Their arrival is the start of a busy schedule that will culminate with their launch on a Soyuz rocket on 17 December – the third Galileo launch of the year.

Galileos 11 and 12 touched down at a rain-soaked Cayenne-Félix Eboué Airport on Friday at 1300 local time.

The satellites were unloaded from their Boeing 747 aircraft, still in their humming air-conditioned containers, straight onto waiting lorries for the last leg of their trip to the Spaceport.

Galileo satellite

Galileo satellite

The containers were delivered to the S1A payload facility, where they were unboxed in cleanroom conditions.

The two satellites began their journey the previous day when they left ESA’s ESTEC technical centre in Noordwik, the Netherlands, having completed a long phase of environmental testing to prove their readiness for flight.

They were driven to Luxembourg Airport for a departure early the next morning.

Galileos inside aircraft

Galileos inside aircraft

The satellites’ arrival at the launch site is the last step in a long chain of production and testing that stretches across Europe.

The satellites are built by OHB in Bremen, Germany, with their navigation payloads coming from Surrey Satellite Technology Ltd in Guildford, UK, both companies being supplied in turn by subcontractors across much of the continent.

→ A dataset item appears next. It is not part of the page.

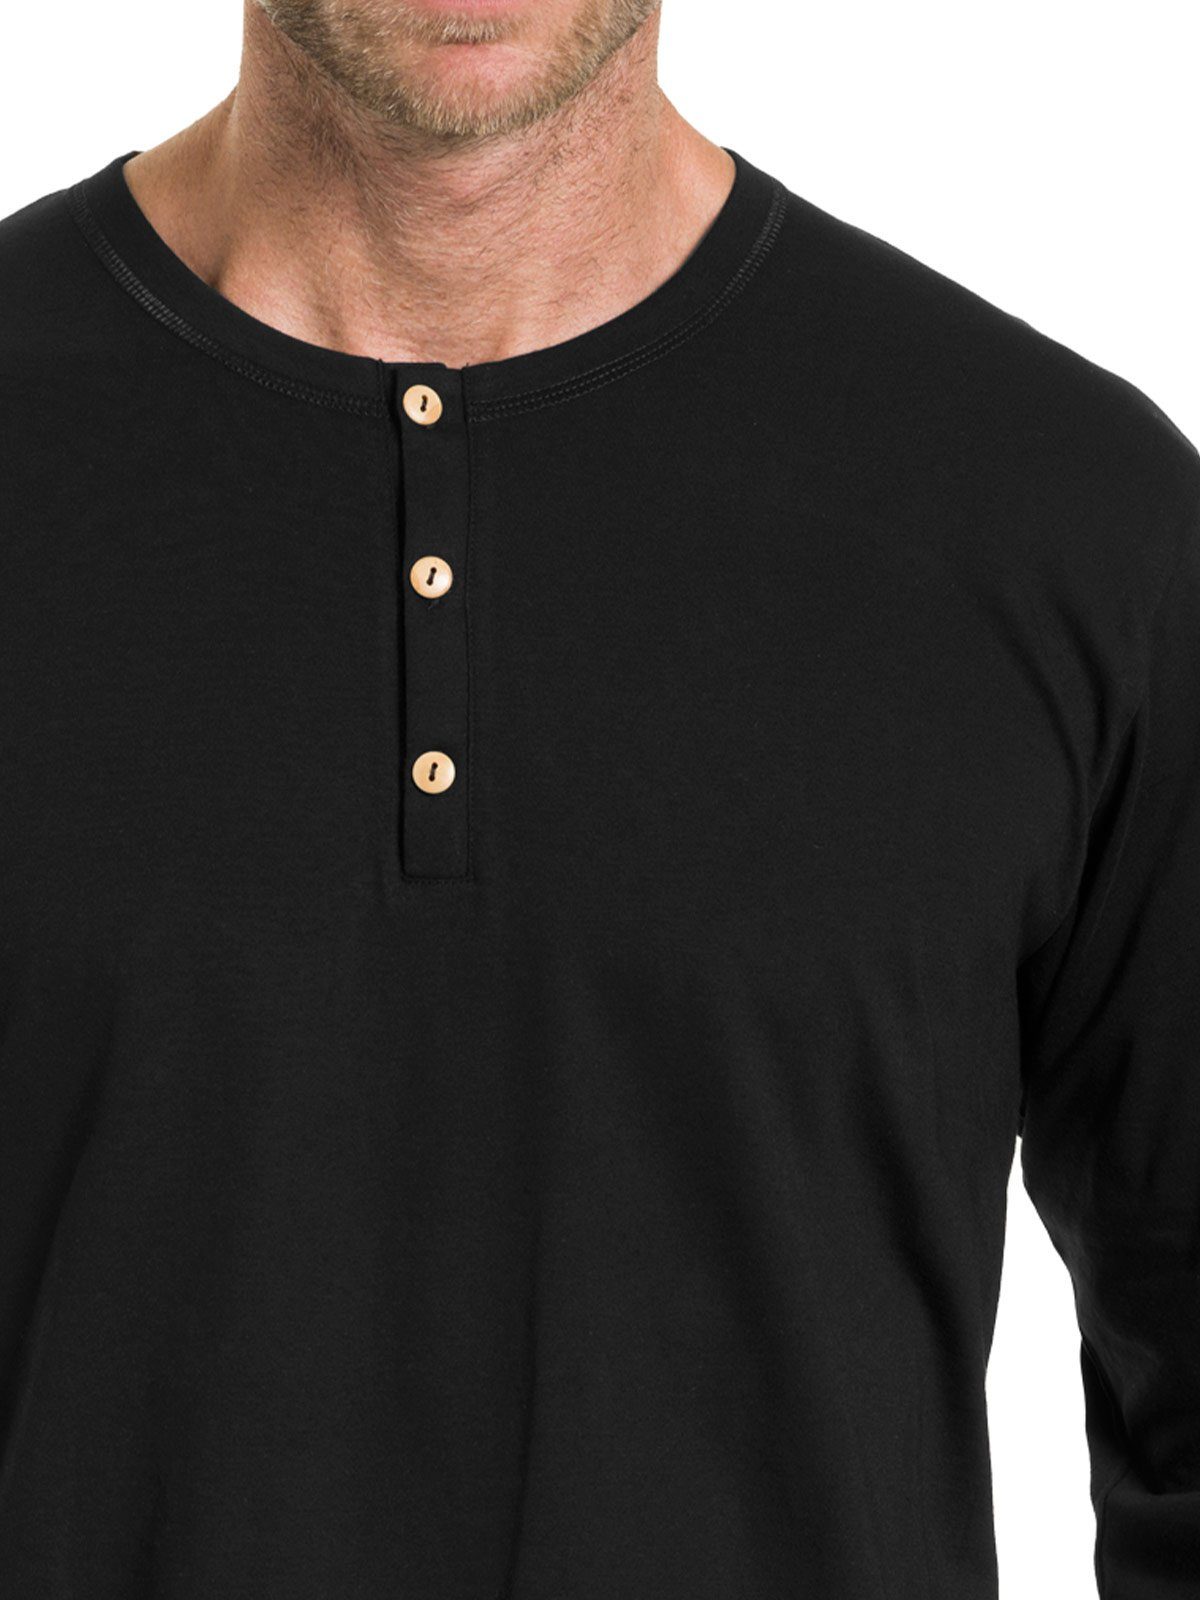 (Stück, Bio Unterhemd KUMPF schwarz Herren Markenqualität Cotton langarm hohe Shirt 1-St)
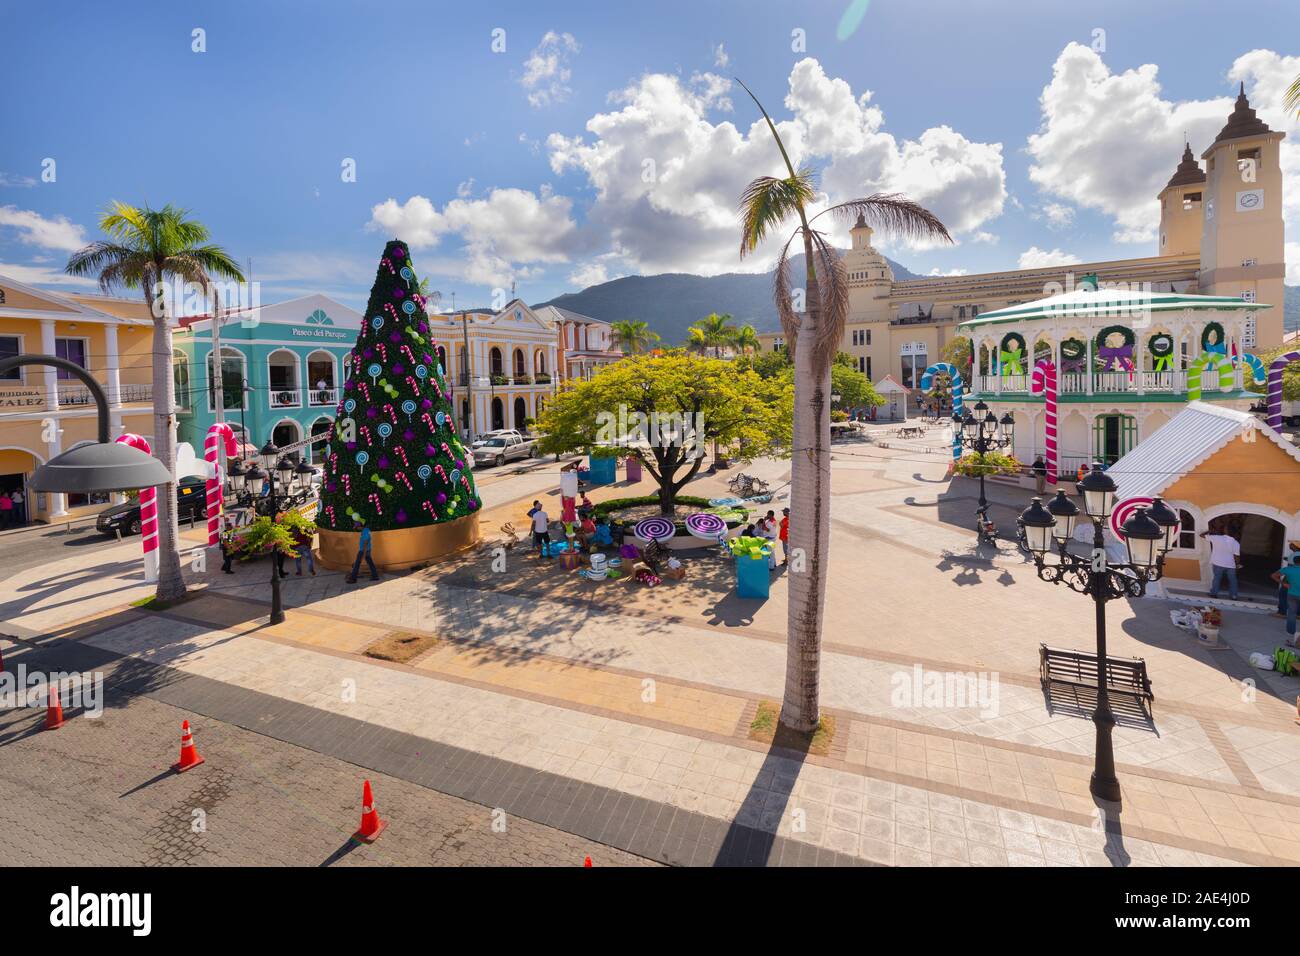 Les travailleurs qui mettent des décorations de Noël sur la place de la ville d'Amérique latine de Puerto Plata, République dominicaine sur l'île d'Hispaniola. Banque D'Images

The satellites are then taken to ESTEC, where they are exposed in turn to every aspect of the launch and space environments, including noise, hard vacuum and wild extremes of temperature.

Loaded onto lorry

Loaded onto lorry

Each satellite is also plugged into the entire worldwide Galileo ground network for days on end to check it works as planned.

The launch of the 11th and 12th in the series will mean that the total number of Galileo satellites in space will have doubled within a year, setting the programme on track for the start of initial services during 2016.